Decreased osteoblastic activity seems to play an important role in the pathogenesis of postmenopausal osteoporosis. The aim of the present study was to examine the direct effects of human growth hormone (GH) on proliferation and differentiation of osteoblastic cells obtained from patients with postmenopausal osteoporosis and age-matched normals and to compare the cellular responses induced by GH between the two groups. Osteoblast cultures (human marrow stromal osteoblast-like cells) were established from bone marrow aspirates obtained from 9 osteoporotic patients and 12 age-matched normals. Effects on cell proliferation and cell differentiation markers [alkaline phosphatase (AP)], procollagen type I propeptide (PICP), and osteocalcin] were assessed. GH stimulated H-3-thymidine incorporation into DNA in cell cultures of osteoporotic patients to a maximum of 158 +/- 14% of no-treatment controls (n = 9, P < 0.001) and to 203 +/- 52% (n = 9, P < 0.001) in normals. GH increased cell number as measured by methylene blue (MB) assay in cells of osteoporotic patients to 138 +/-% (P < 0.05, n = 7) and in normals to 138 +/- 12 (P < 0.05, n = 7). GH alone reduced cellular AP production: 61 +/- 3.8% (P < 0.05, n = 7) versus 65 +/- 16% (P < 0.05, n = 7) and cellular PICP production: 79 +/- 6% (P < 0.05, n = 7) versus 69 +/- 16% (n.s., n = 7), in cell cultures of osteoporotics and normals, respectively. 1,25-dihydroxy vitamin D, (1,25(OH)(2)D-3) (10(-9) M) alone increased AP production in cell cultures of osteoporotics to 193 +/- 23% (P < 0.01, n = 7) and to 266 +/- 51% (P < 0.05, n = 7) in cell cultures of normals. 1,25(OH)(2)D-3 had no effect on PICP production in either culture.
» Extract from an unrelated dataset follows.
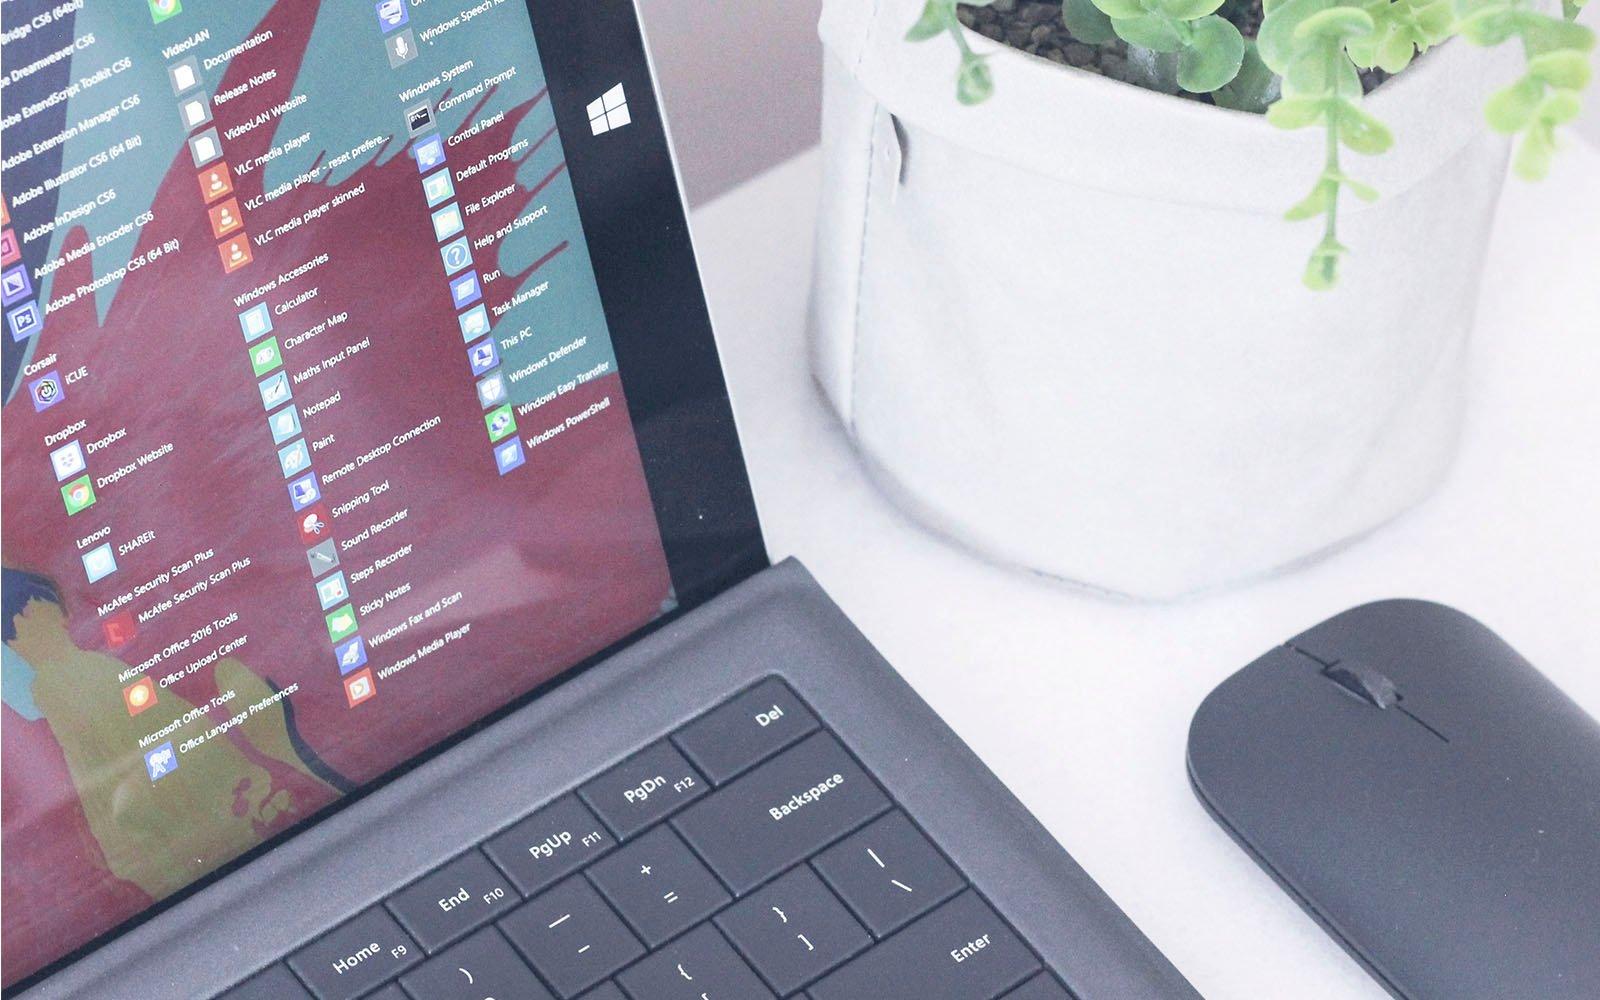 ¿Qué es Office 365 y en qué se diferencia de Microsoft Office?

Combining GH and 1,25(OH)(2)D-3 reduced 1,25(OH)(2)D-3-stimulated levels of AP and osteocalcin. No statistically significant differences were observed in cell proliferation or cell differentiation responses between cell cultures of osteoporotic patients and normals. Our results demonstrate that osteoblastic cells obtained from osteoporotic patients exhibit normal responsiveness to short-term stimulation with GH in vitro and do not support the hypothesis of the presence of major defects in osteoblastic responsiveness to stimuli in patients with osteoporosis.